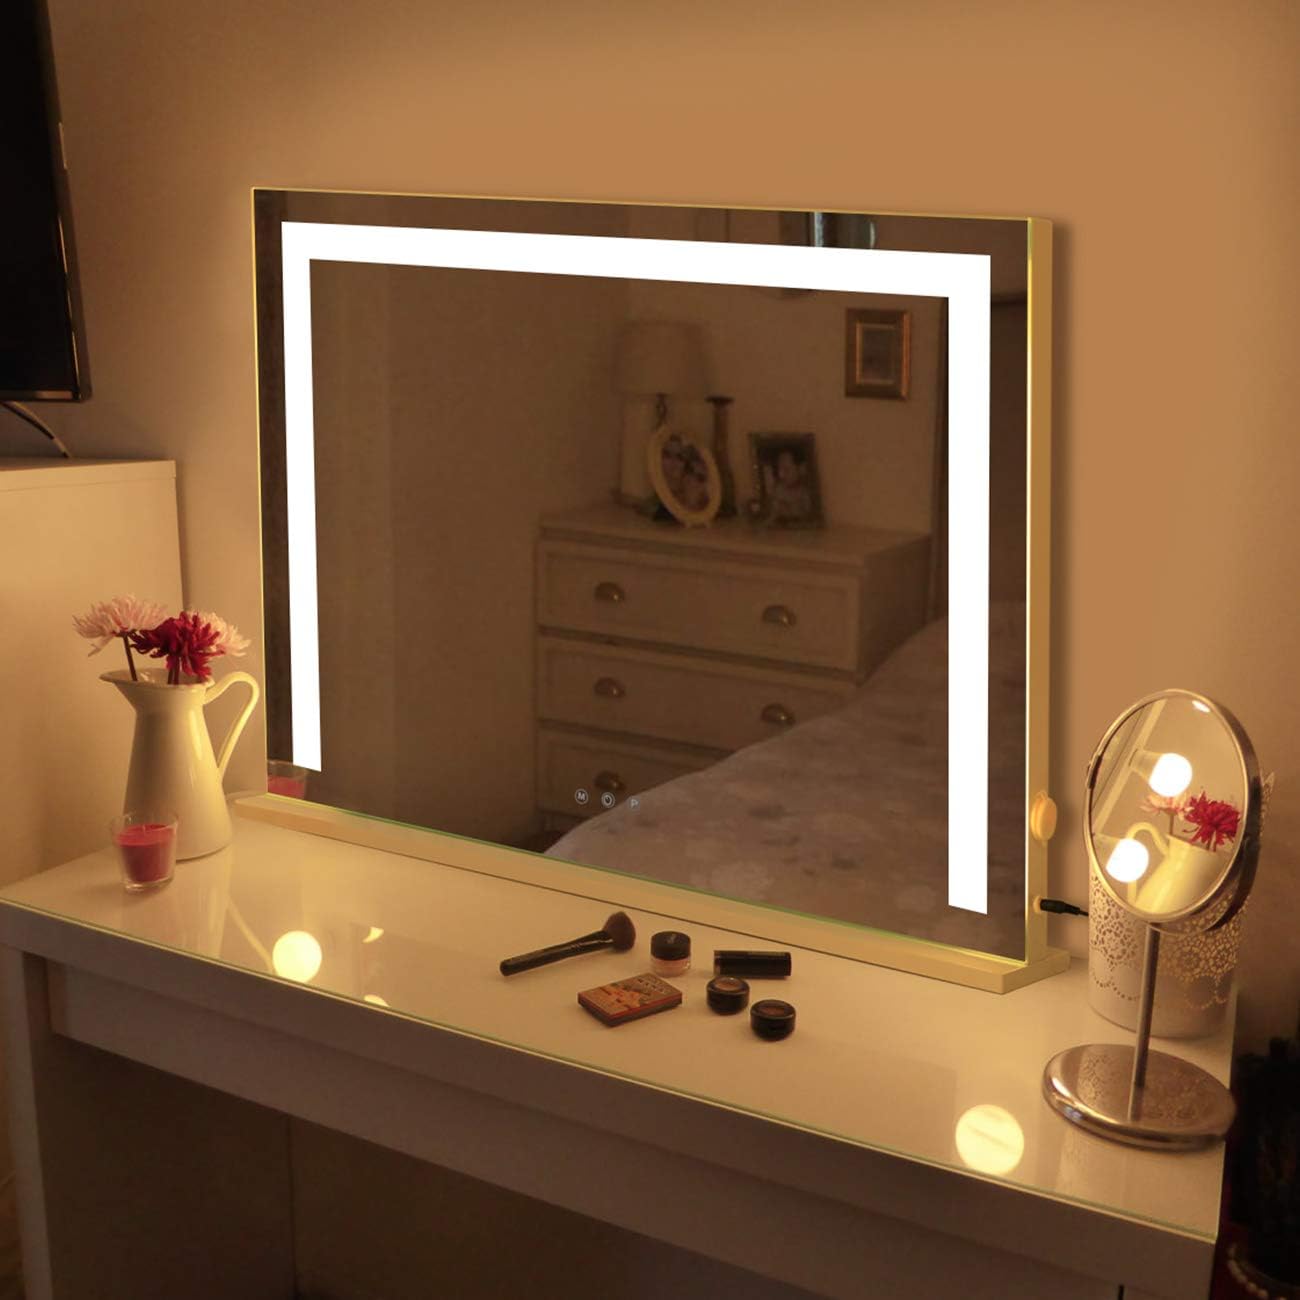 Generic Hompen Makeup Mirror With, Lighted Make Up Vanity
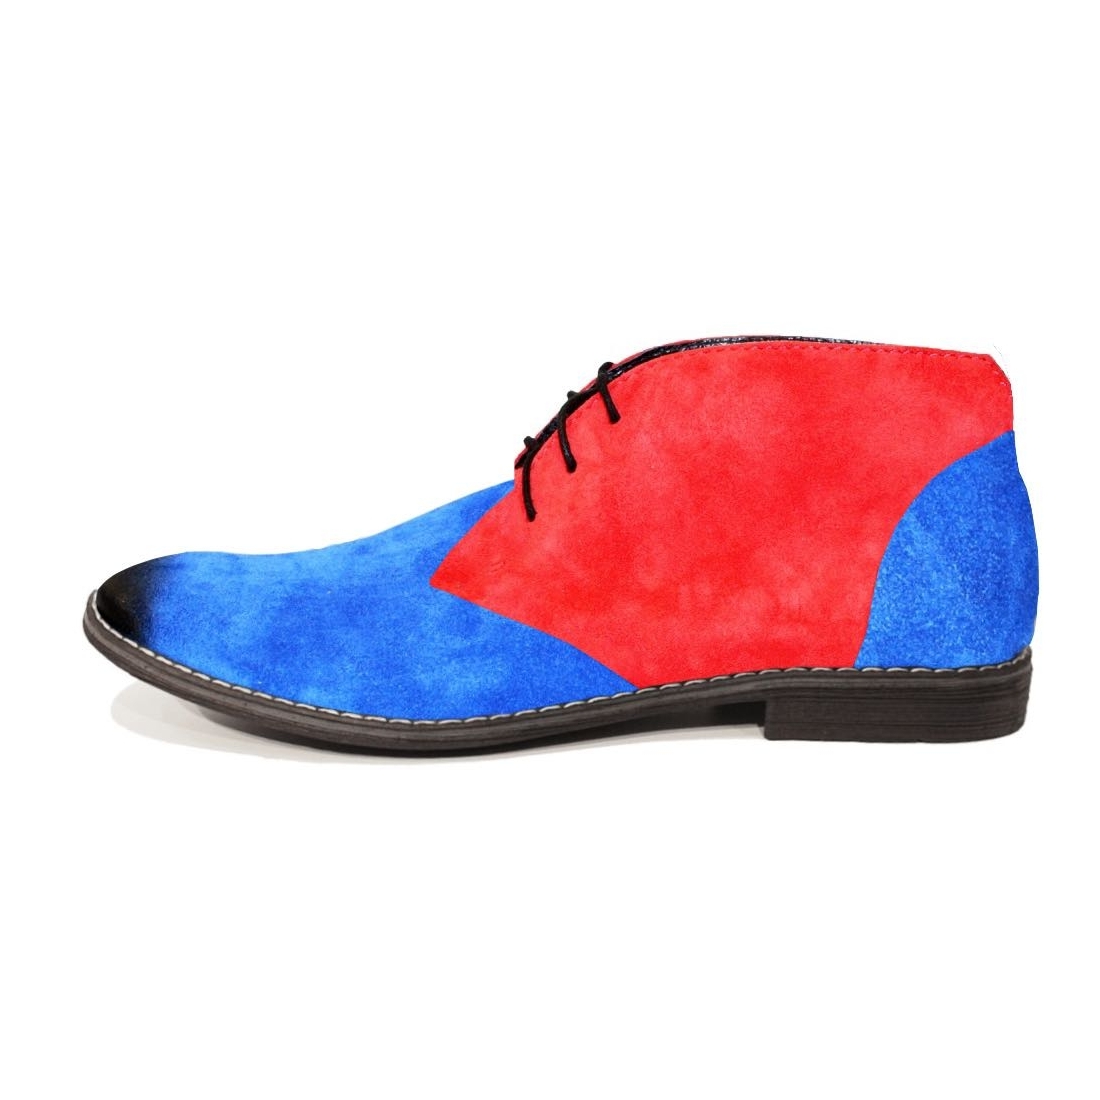 Modello Sterrer - Desert Boots - Handmade Colorful Italian Leather Shoes
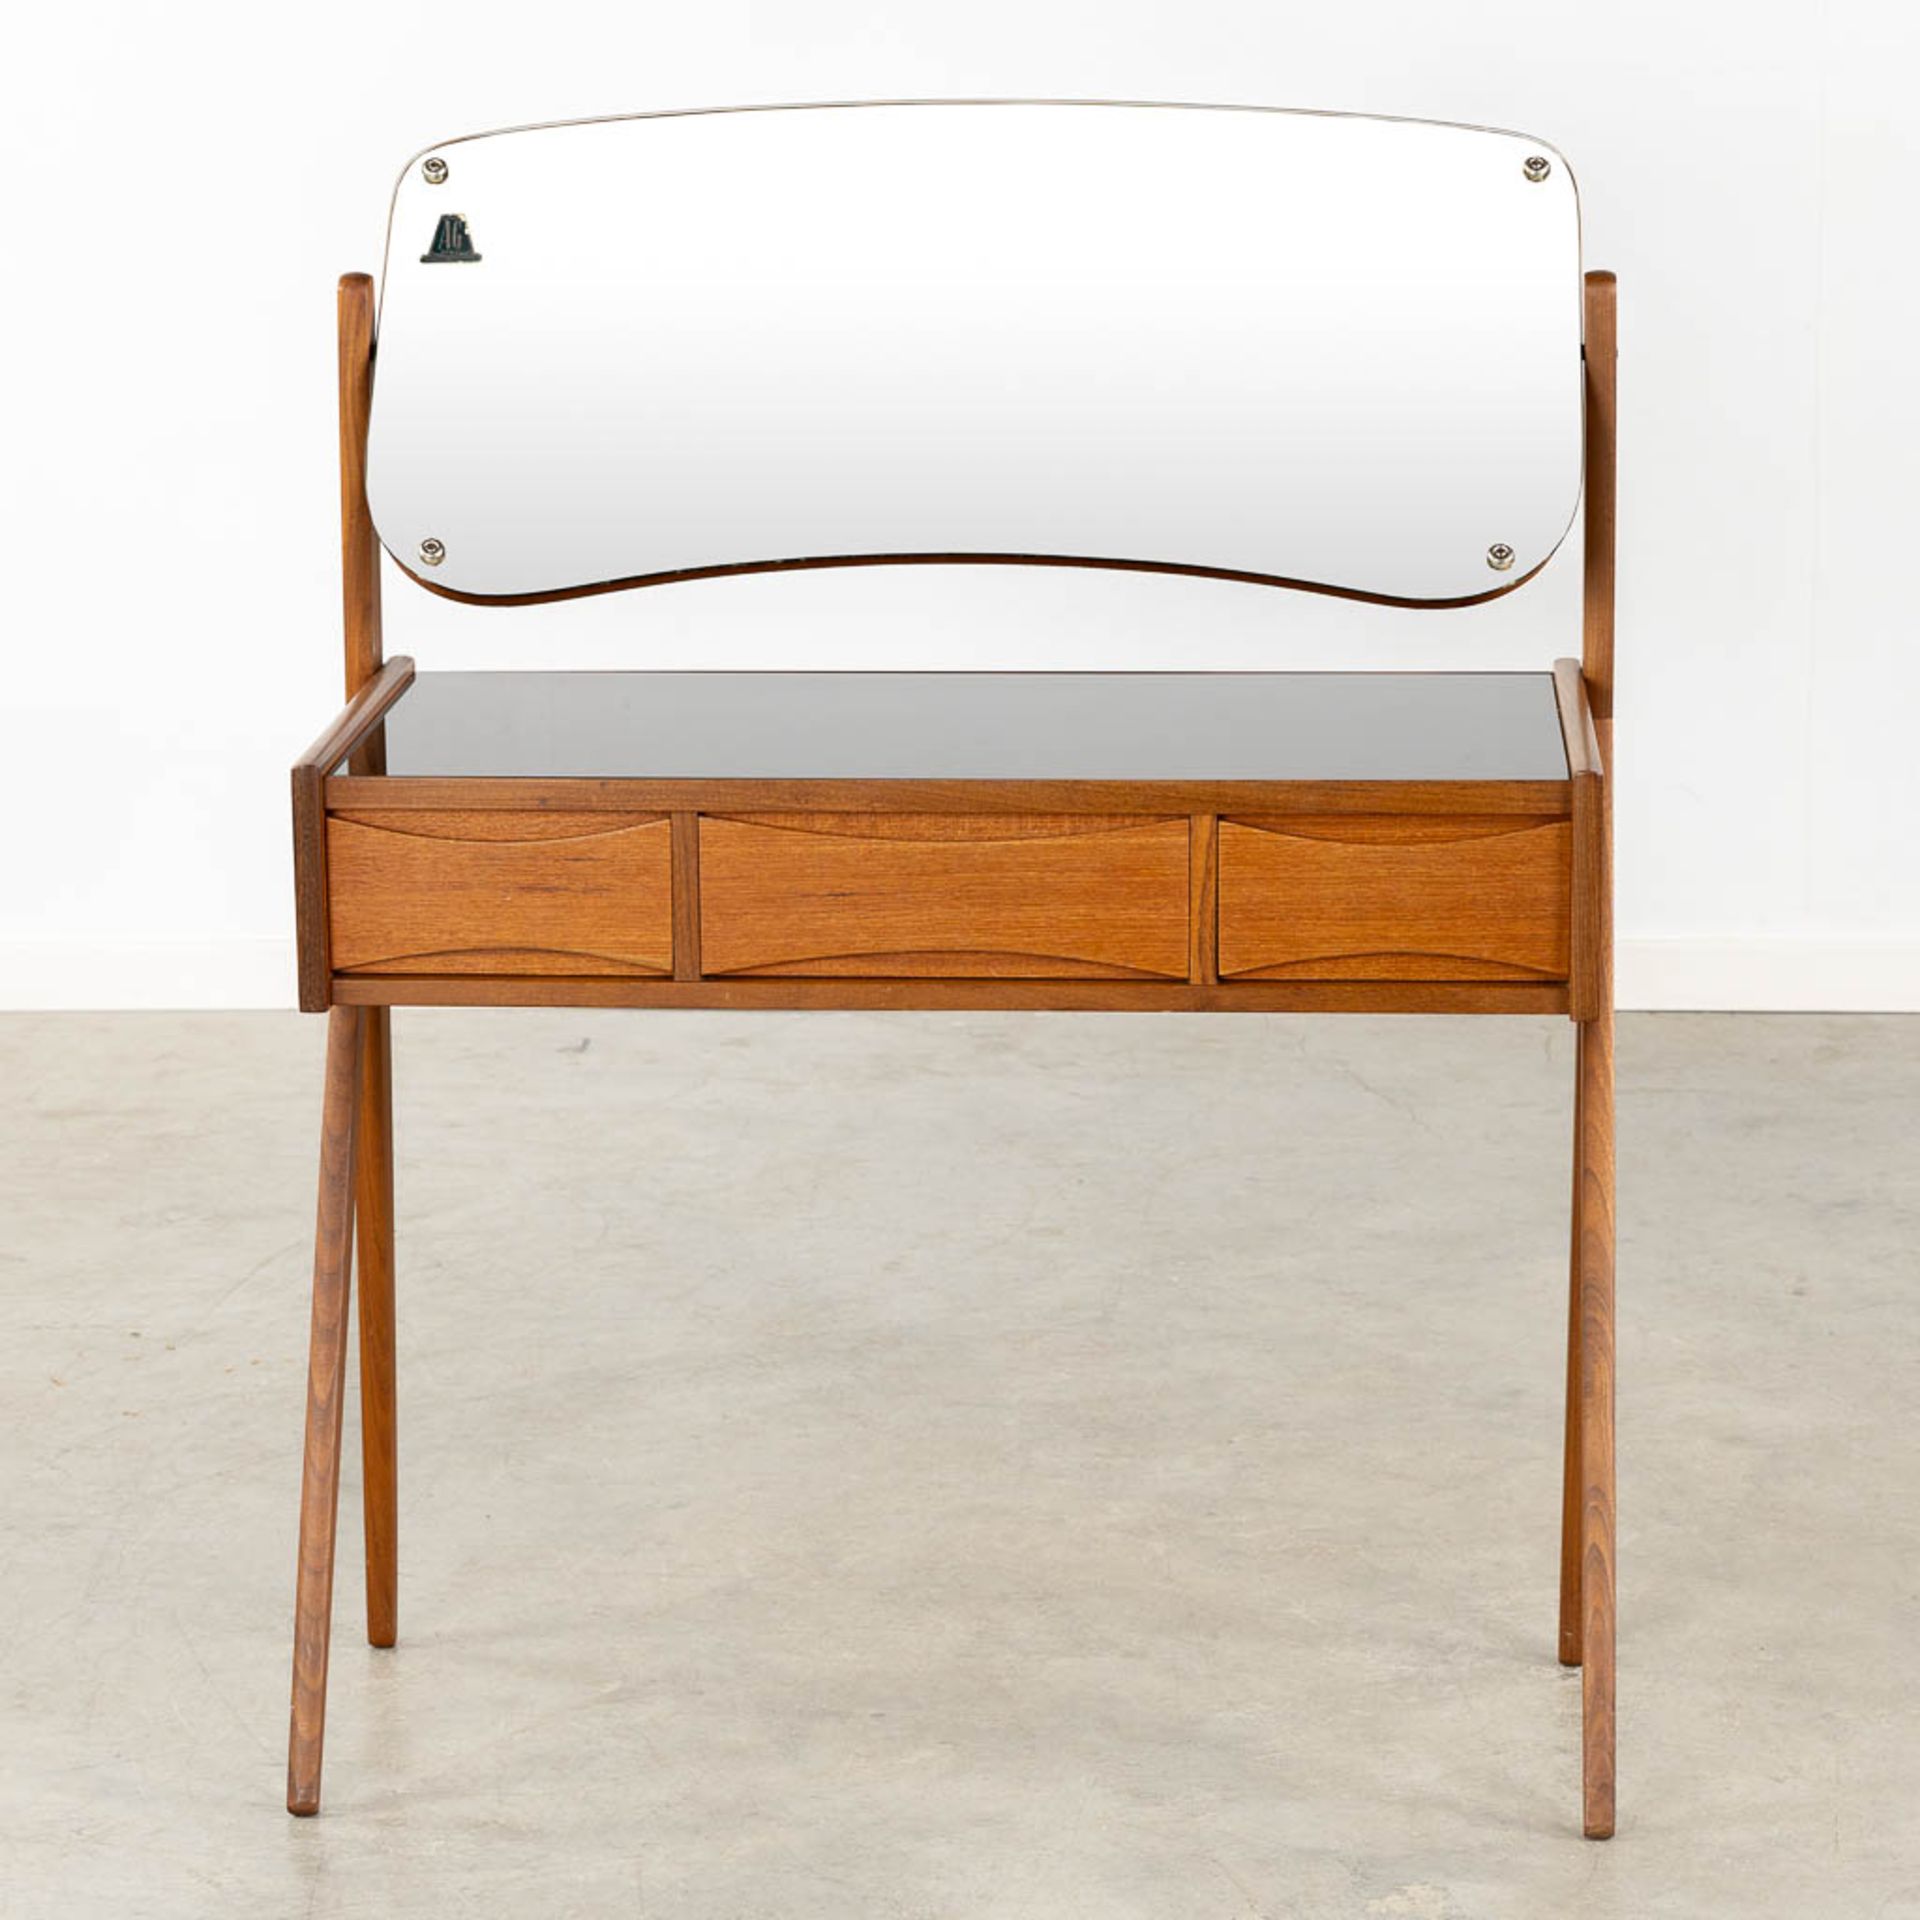 Arne VODDER (1926-2009) 'Dressing table' teak and glass. (L:36 x W:80 x H:105 cm) - Image 4 of 13
* * * * * * *
- _Work to complete_:
Write out the material above exactly. Skip the pictures.

- _Result below_:
 Generic Hompen Makeup Mirror With, Lighted Make Up Vanity
 Modello Sterrer - Desert Boots - Handmade Colorful Italian Leather Shoes
 Arne VODDER (1926-2009) 'Dressing table' teak and glass. (L:36 x W:80 x H:105 cm) - Image 4 of 13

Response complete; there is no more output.